We found a higher prevalence of klassevirus in feces from children with gastroenteritis than has been found in previous studies (4,5), possibly because of the study population and different primers. Most (76.9%) klassevirus-positive children were <3 years of age, although the virus was detected in children >6 years of age. Co-infection of klassevirus with other viral agents was lower than co-infection with recently identified viruses, such as SAFV and cosavirus (1,2). These results suggest that klassevirus could be a possible cause of gastroenteritis in children; however, further studies that include asymptomatic control groups are needed to exclude the possibility of klassevirus being an innocent bystander. Recently, Li et al. (14) reported that salivirus, which has 90% nt similarity with klassevirus, might have a role in gastroenteritis. However, this virus could not be differentiated from klassevirus in the phylogenetic analyses based on 3 different regions (data not shown).

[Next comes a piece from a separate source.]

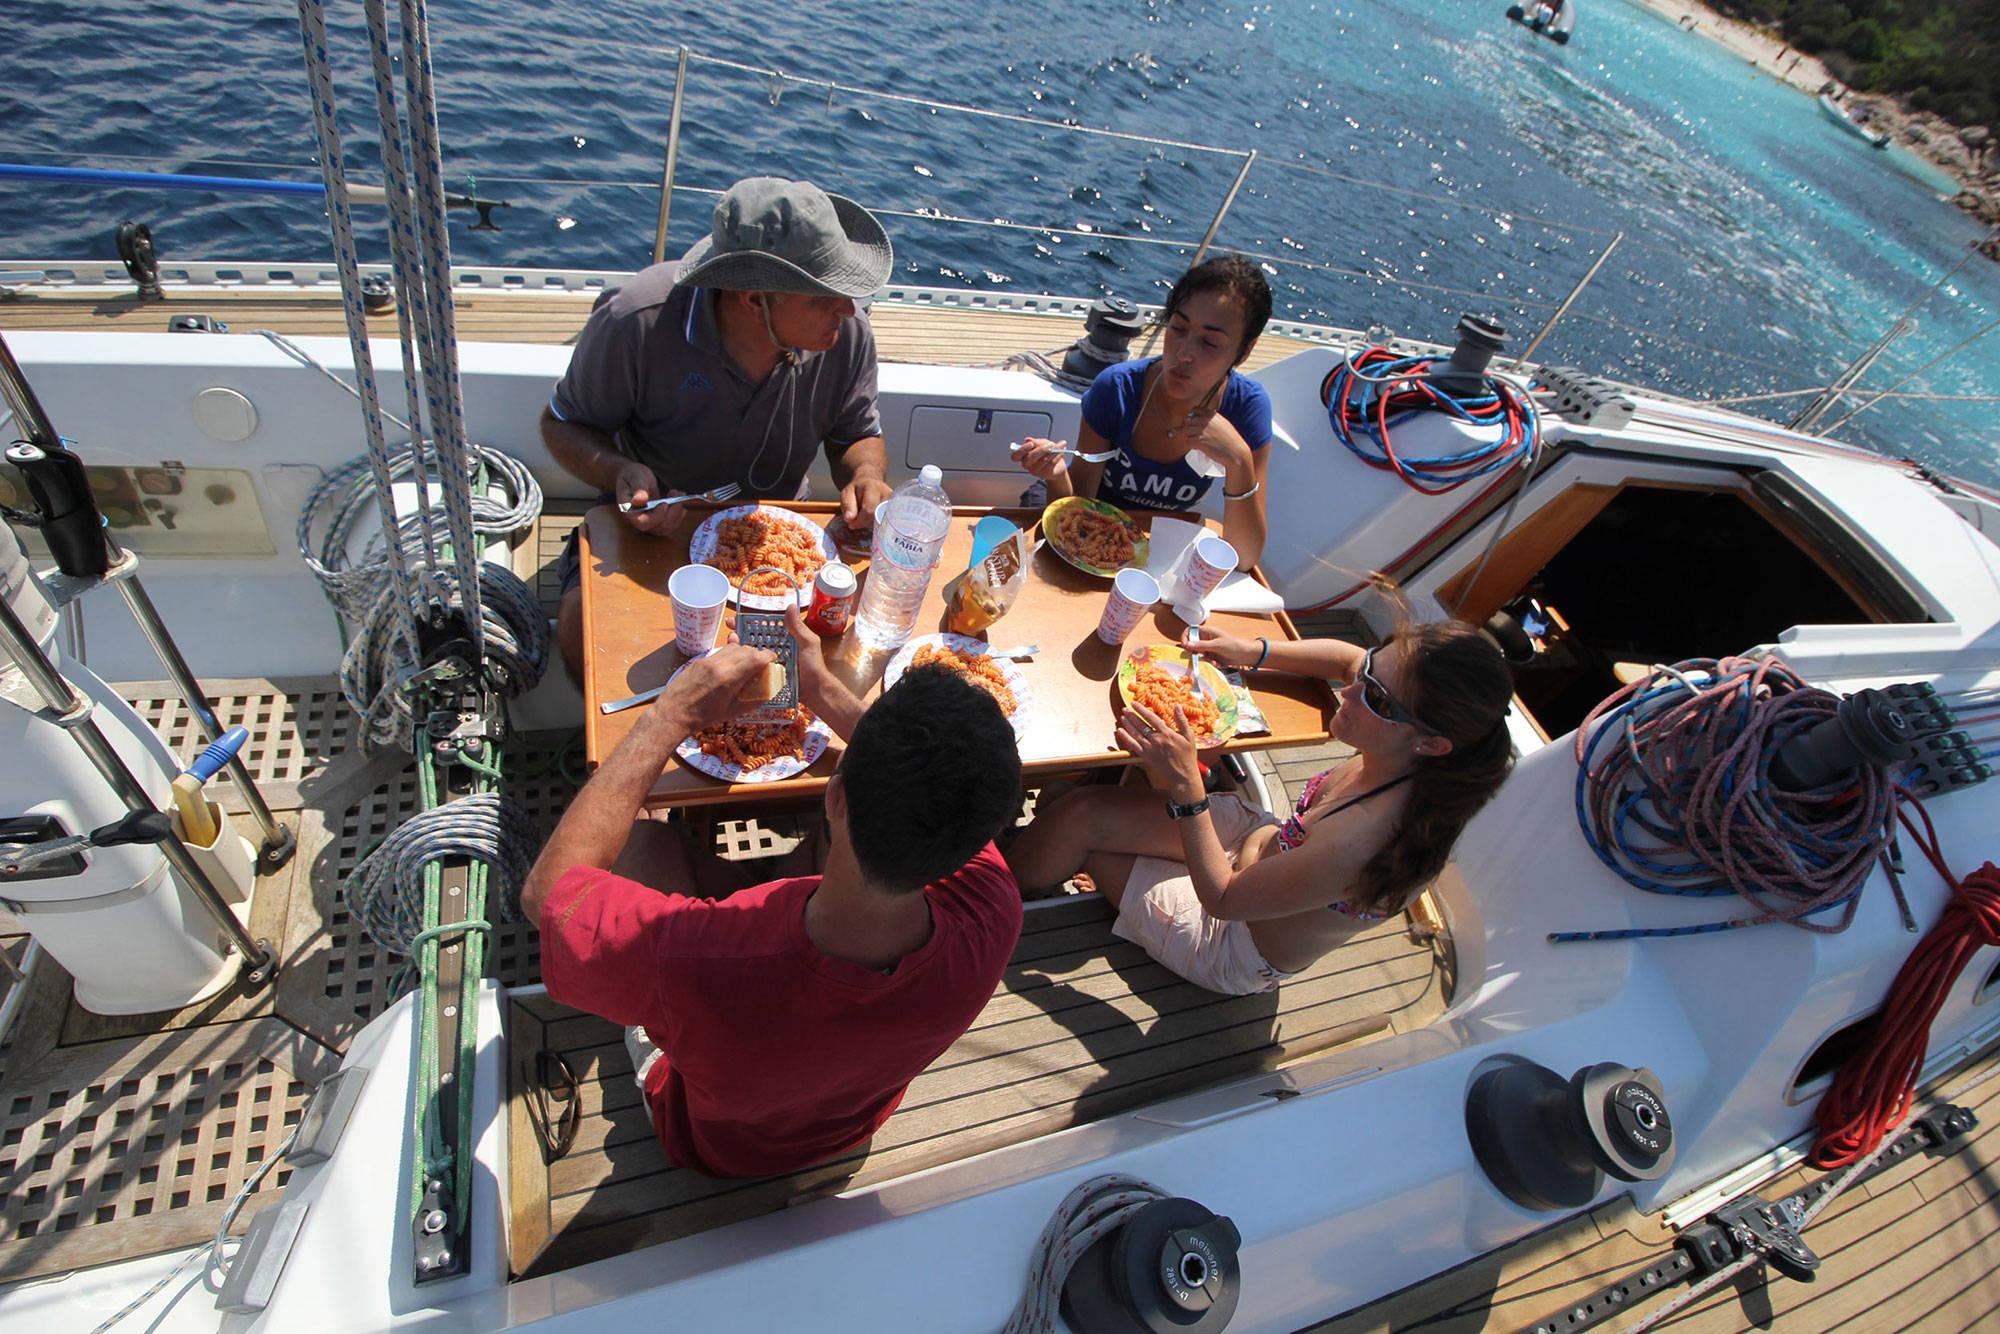 escursioni-in-barca-pranzo-a-bordo-2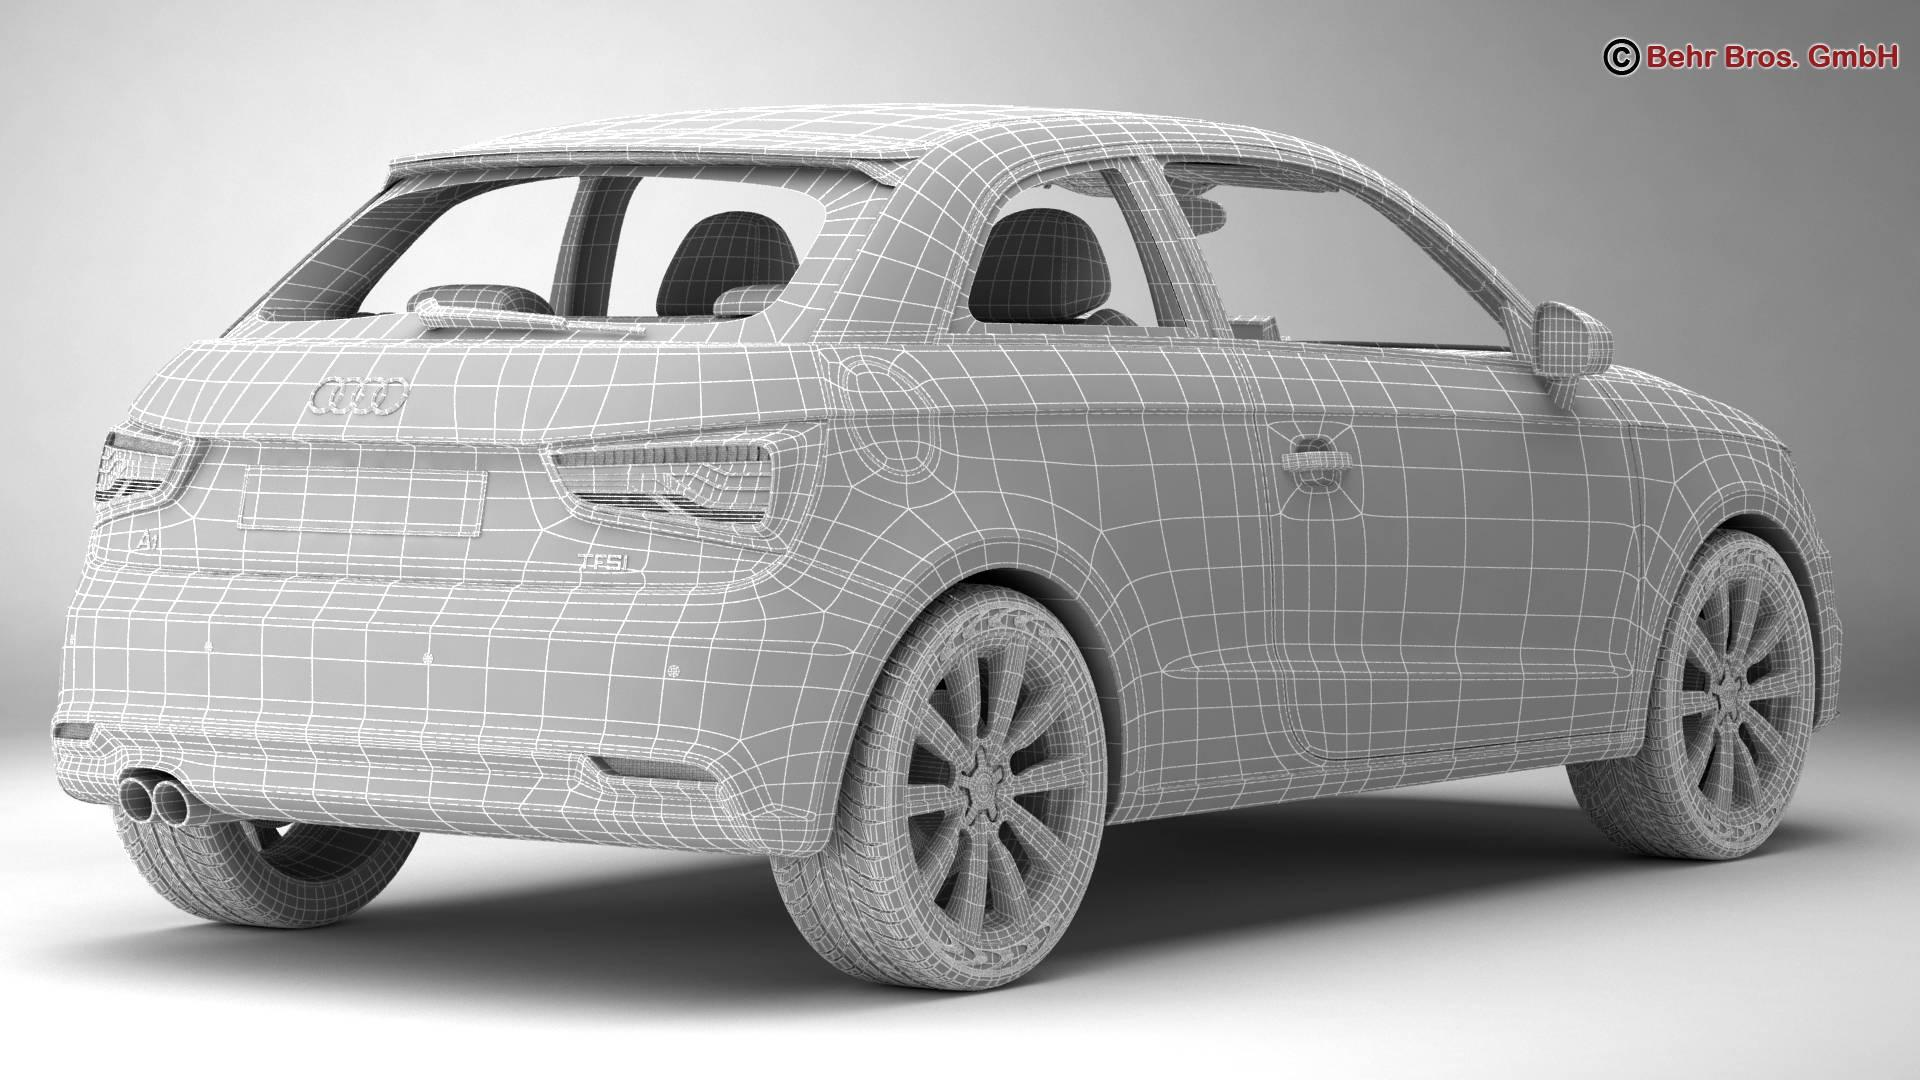 Audi a1 2015 3d model 3ds max fbx c4d am fwy o wybodaeth 214712

We did not detect klassevirus in nasopharyngeal aspirates despite respiratory symptoms in 26.9% of klassevirus-positive children. These results indicate that klassevirus might not be an etiologic agent of acute lower respiratory tract infections; additional studies are required to be conclusive. We detected SAFV in 1 patient; a recent study shows high prevalence of this virus in healthy children and in children with gastroenteritis (15), perhaps because of different assay sensitivities. In this study, the results of phylogenetic assay of the 3 different regions showed low genetic diversity of klassevirus, which suggest an outbreak by a single circulating klassevirus strain. A definite seasonality of klassevirus infection was not observed. In conclusion, we have detected klassevirus in children with gastroenteritis, which suggests a possible association between this virus and gastroenteritis.